The violent summer of 2020 made clear how combustible this country is when significant numbers of Americans conclude that the system is not on the level, that official power is untethered to principle, that familiar pieties about neutral law and blind justice are fraudulent.

The fall of 2020 has now arrived with what promises to be an all-consuming debate in which important people are not even pausing to mouth those pieties.

Within about 90 minutes of the announcement of Ruth Bader Ginsburg’s death, Senate Majority Leader Mitch McConnell announced his narrow Republican majority is ready for an immediate battle over filling her seat with a nominee of President Donald Trump’s choosing, a contest that promises to be exclusively about power, with no whisper of pretense that anything else matters.

The confirmation fight will take place in a country still recovering from a summer of continent-wide domestic protests and riots, in the closing days of a presidential election in which there are questions about whether the votes can be reliably counted or the official result will be accepted by the candidates.

The barely disguised rationale: Why not? The possibility that a nakedly partisan fight over a high court vacancy—just six weeks before an election and potentially four months before a new president takes office—might be unfair to voters or more trauma than an already splintering country can withstand: Not a problem.

McConnell has offered some tortured logic about how his successful move four years ago to block President Barack Obama from filling a Supreme Court vacancy because February was too close to the 2016 election is somehow consistent with his determination to act on Trump’s nominee now.

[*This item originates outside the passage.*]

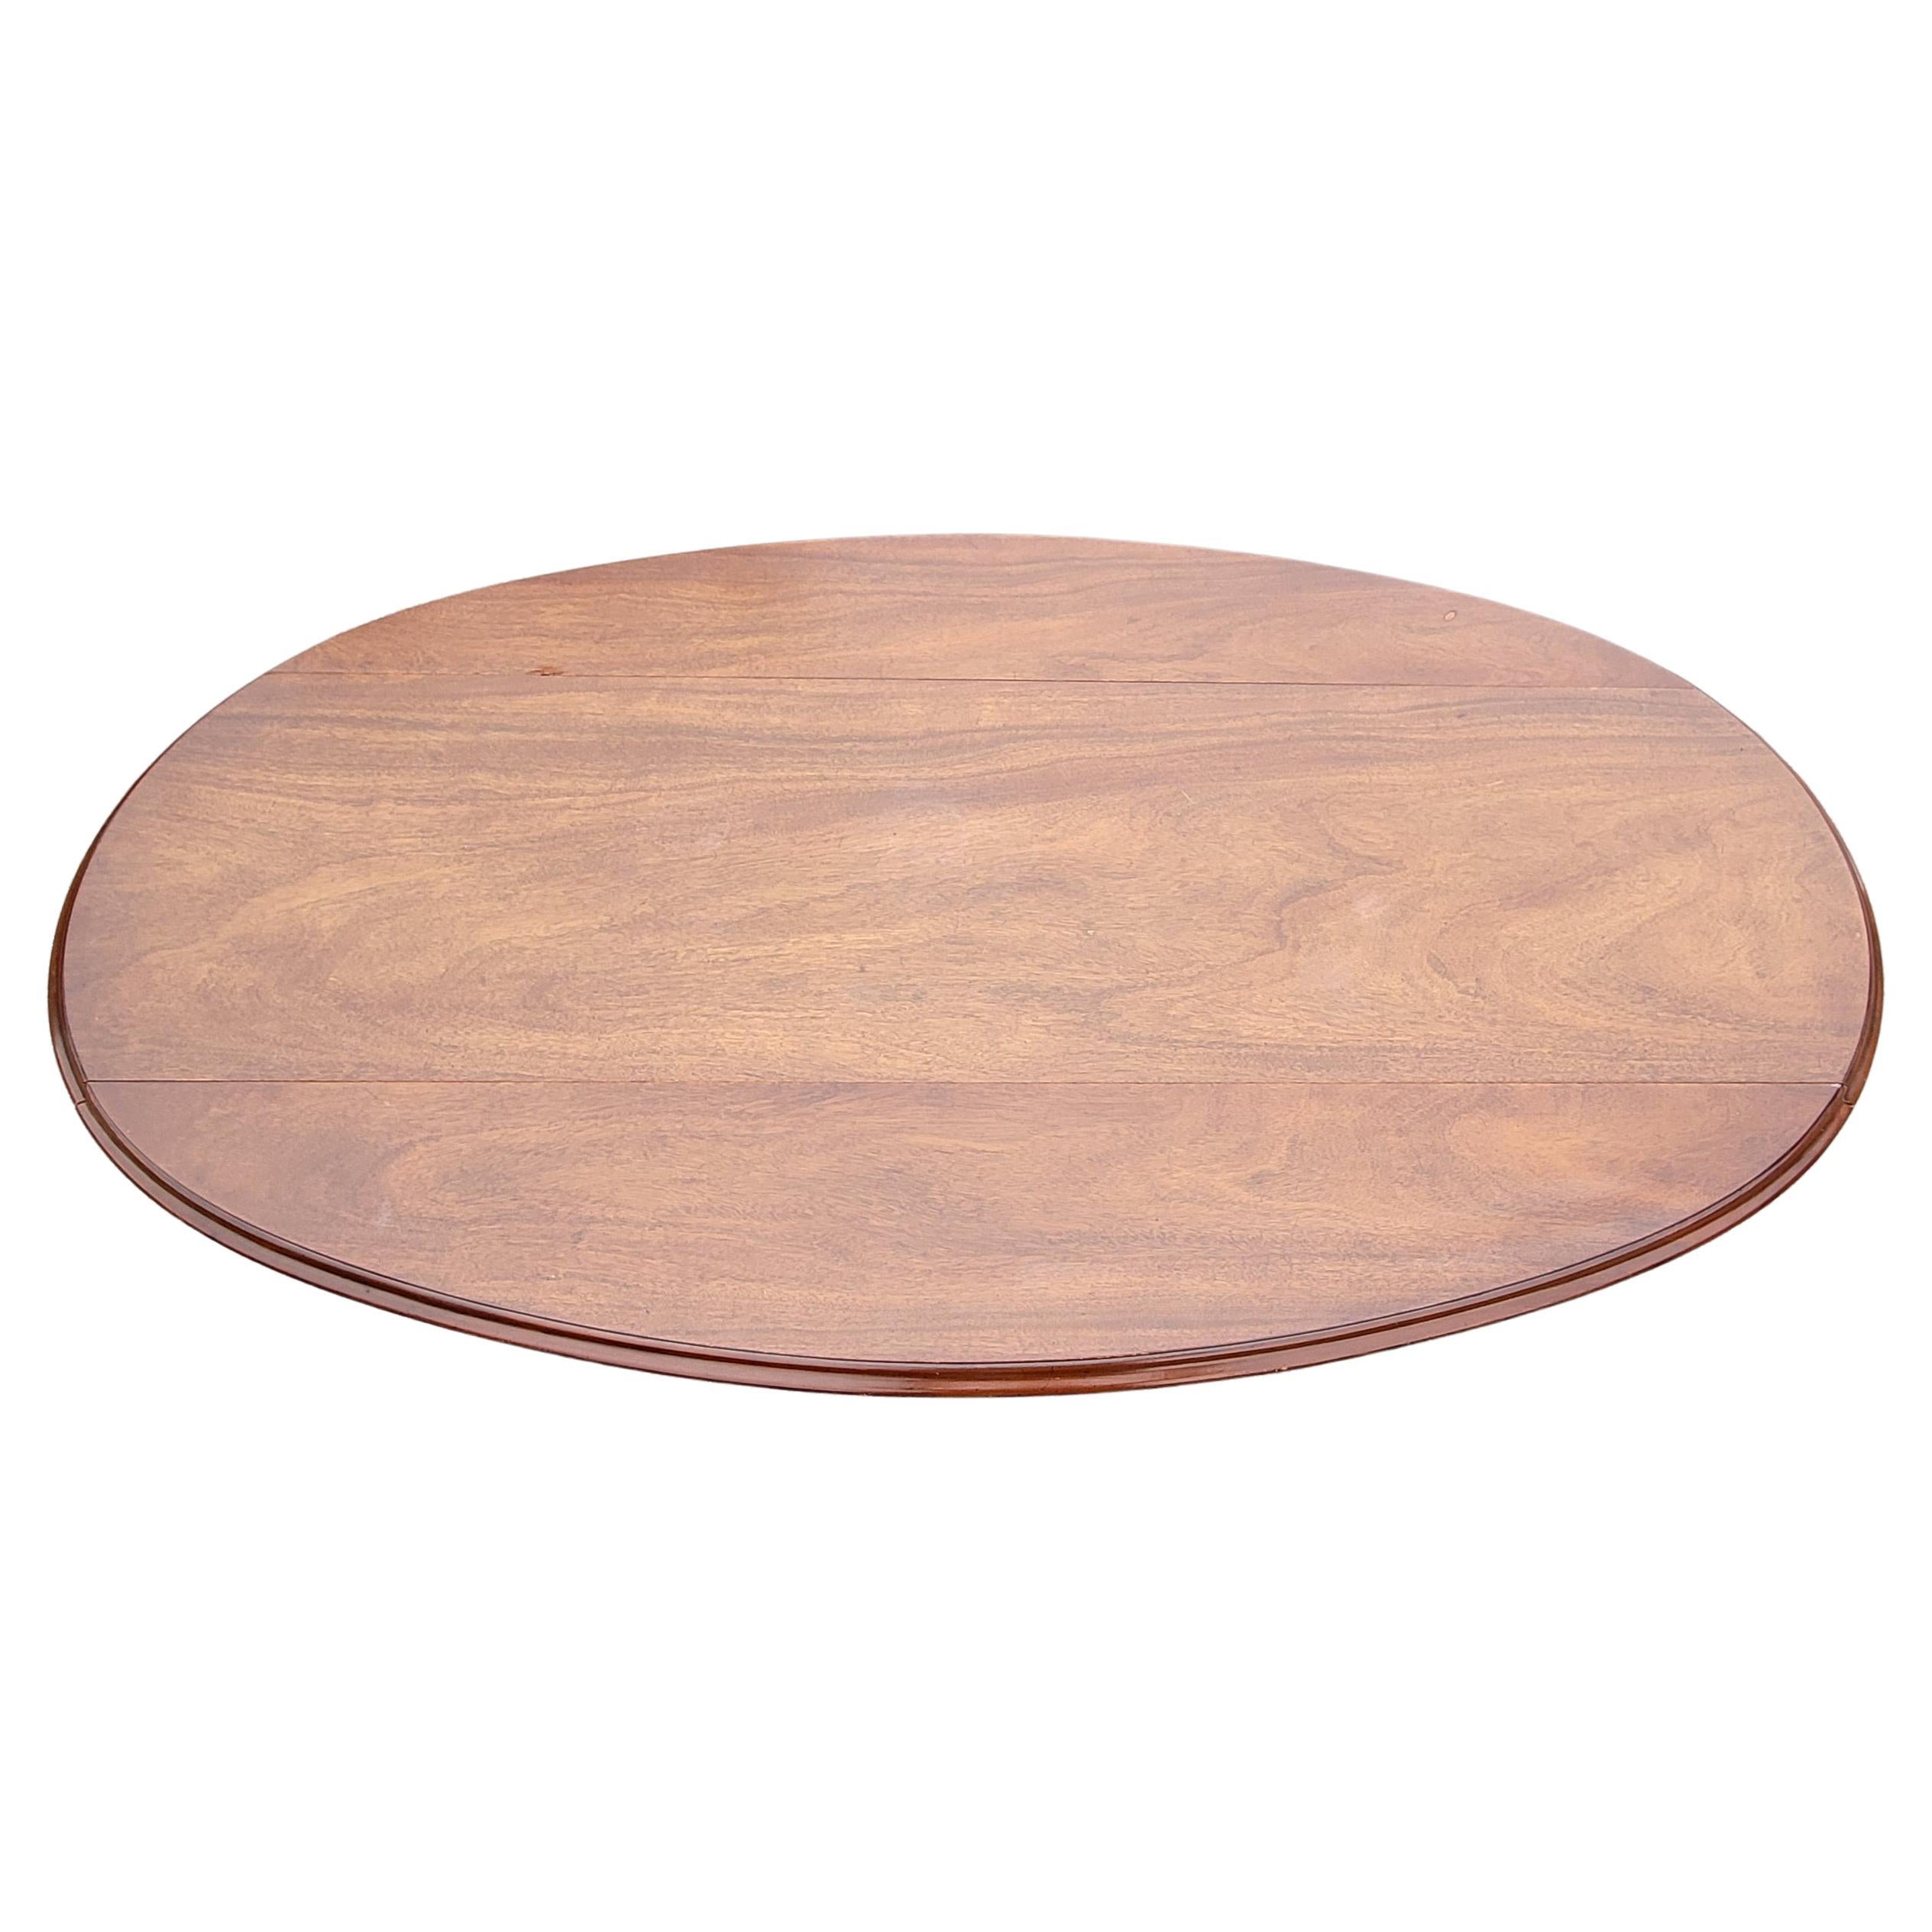 A Morganton Tidewater Collection large oval pure mahogany dropleaf cocktail table with Queen Anne style feet. Measures 60

When the president and the Senate are of the same party, he says, there’s no reason for delay. Clear enough? It is of no consequence whether this sounds convincing to McConnell’s fellow Republicans—presumably most of them do not care—or to Senate Democrats because in the modern Senate their minority status means on court fights they don’t matter.

There is no point, arguably, moaning about shattered norms because remorseless because-we-can battles about the Court now are the norm.

This was reflected in how expressions of sadness for Ginsburg’s death and admiration for her barrier-breaking life mixed instantly with speculation that is the standard stuff of nomination battles: How many votes can McConnell count on, given that some Republicans like Sen. Susan Collins of Maine have said they won’t act to approve a nominee this close to the election? What is the Senate calendar and what’s the minimum time necessary to push a nominee for a floor vote?

To the contrary, now might be a time to break norms—perhaps try disciplined restraint, for a change–given that there is hardly anything normal about the present state of American culture and politics. In a country so frayed, McConnell and Trump could decide to really shatter precedent by replacing the usual question, “can we do it,” with “should we do it.”

The connection between the country’s other wounds of 2020 and a Supreme Court battle perhaps isn’t self-evident. What does a policeman’s knee on George Floyd’s neck have to do with replacing Ginsburg? What do 198,000 Covid-19 deaths, as of Friday night, have to do with McConnell’s doctrine of Senate power?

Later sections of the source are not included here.